### Source data
+-------+

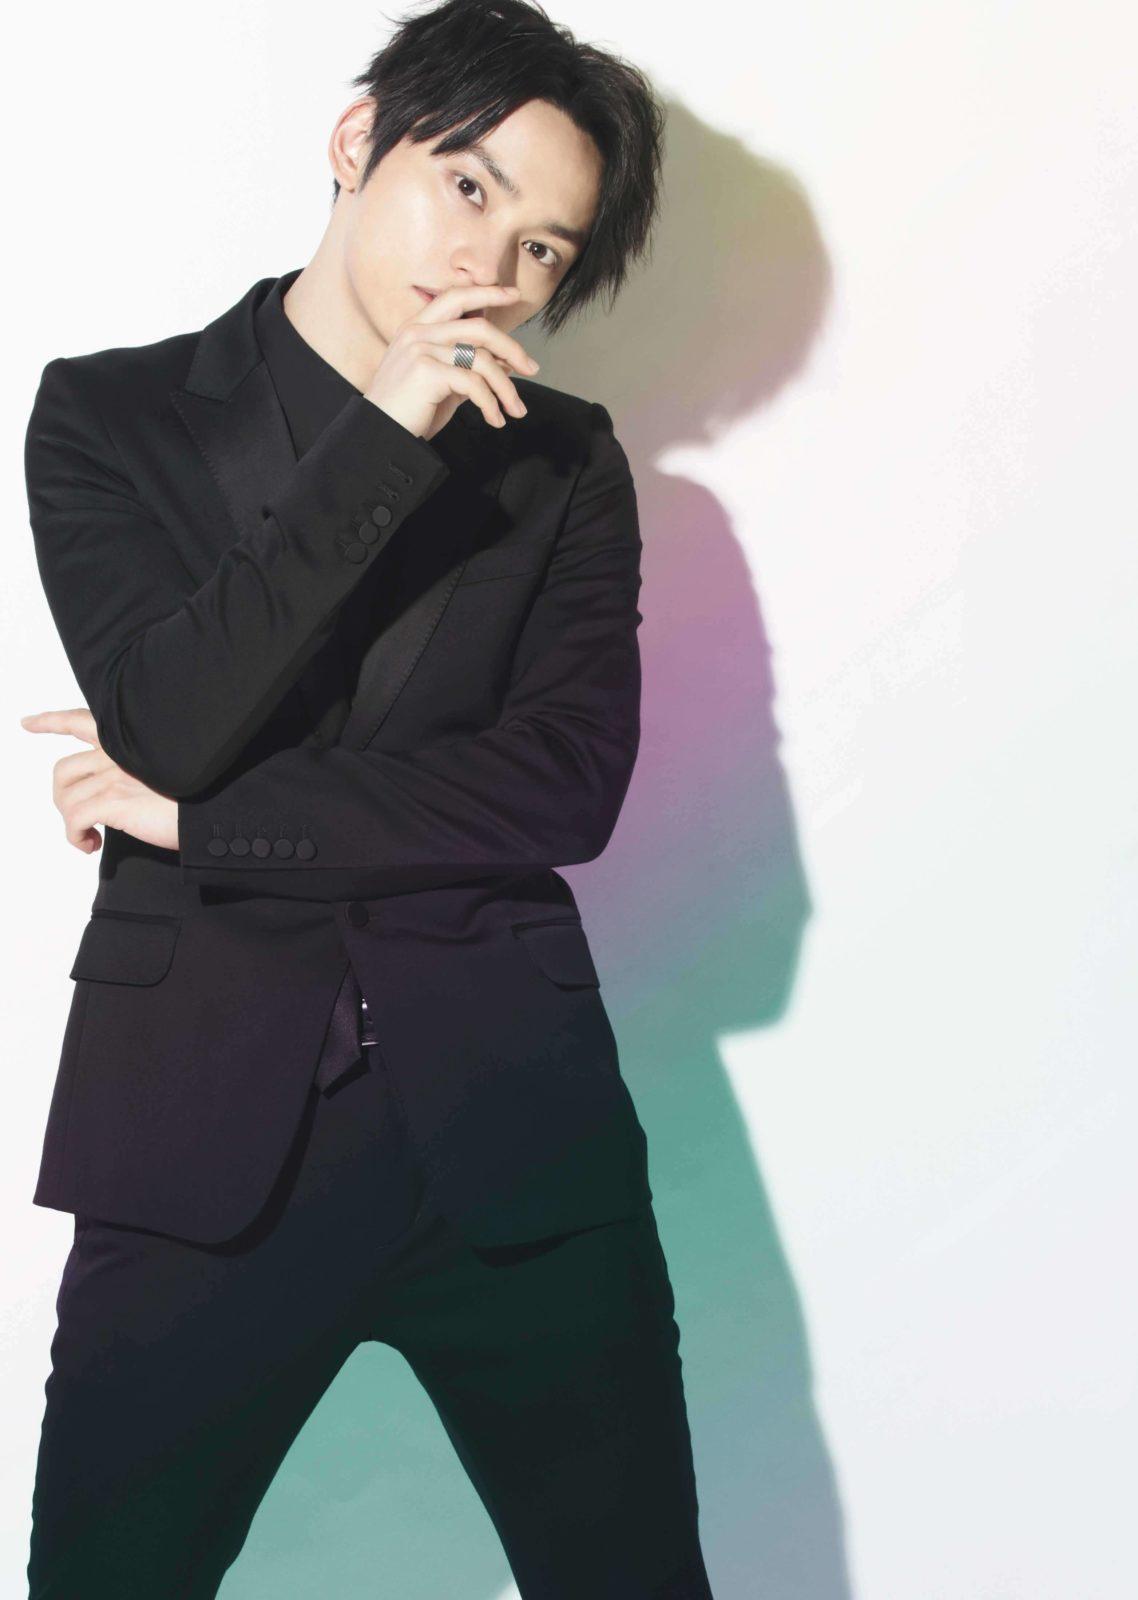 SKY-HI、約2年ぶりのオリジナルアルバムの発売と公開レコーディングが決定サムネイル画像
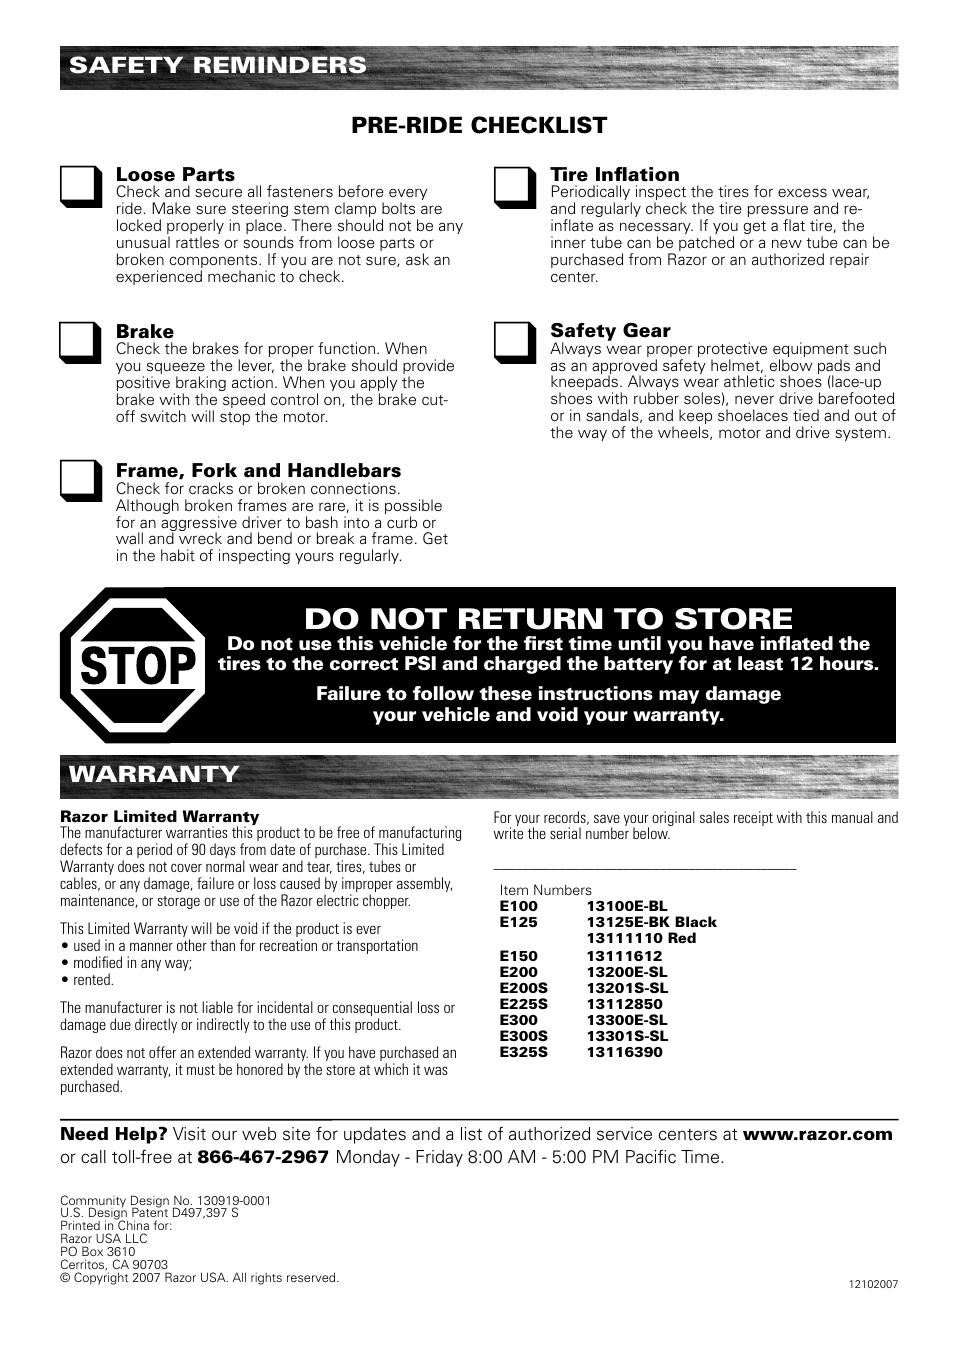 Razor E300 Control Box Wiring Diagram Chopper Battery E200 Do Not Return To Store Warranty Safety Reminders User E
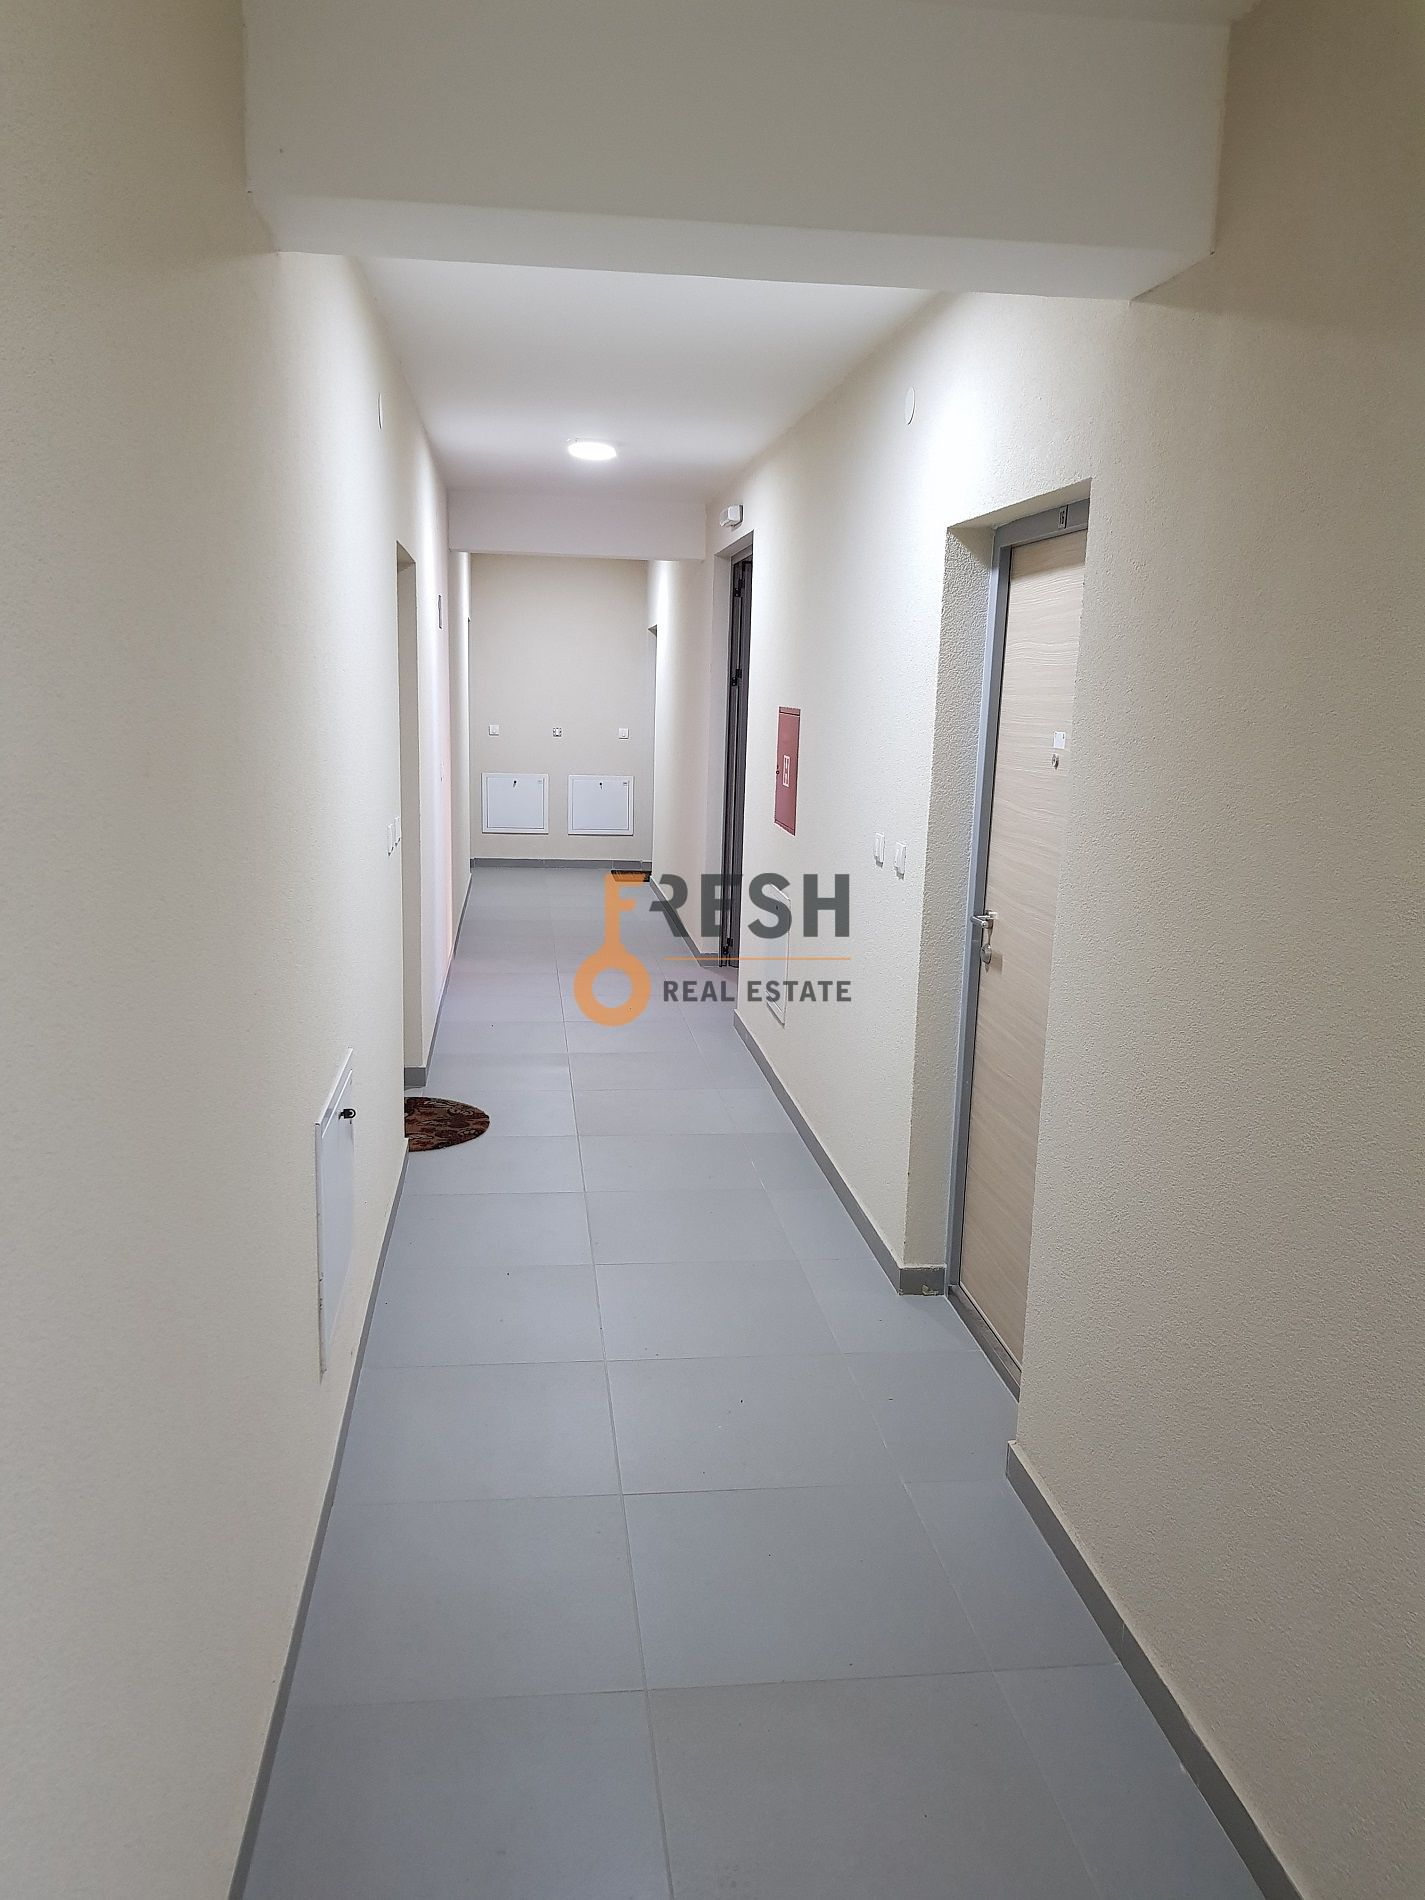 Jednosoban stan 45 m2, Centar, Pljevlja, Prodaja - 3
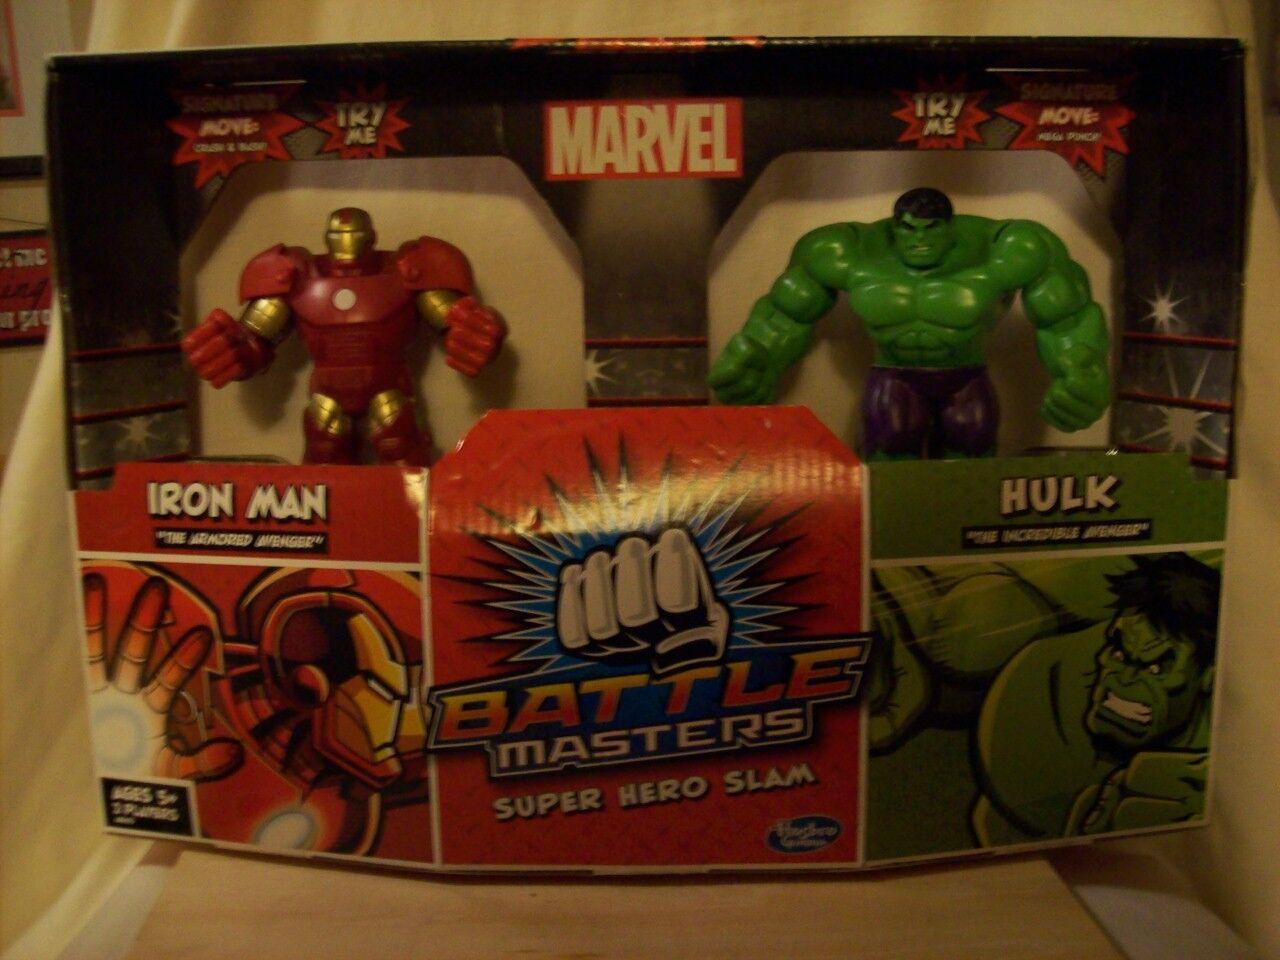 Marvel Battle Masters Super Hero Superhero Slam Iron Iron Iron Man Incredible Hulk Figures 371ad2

+-------+

### Task statement
Would you repeat each line of the listing exactly, skipping any picture?

### Reply
 SKY-HI、約2年ぶりのオリジナルアルバムの発売と公開レコーディングが決定サムネイル画像
 Razor E300 Control Box Wiring Diagram Chopper Battery E200 Do Not Return To Store Warranty Safety Reminders User E
 Jednosoban stan 45 m2, Centar, Pljevlja, Prodaja - 3
 Marvel Battle Masters Super Hero Superhero Slam Iron Iron Iron Man Incredible Hulk Figures 371ad2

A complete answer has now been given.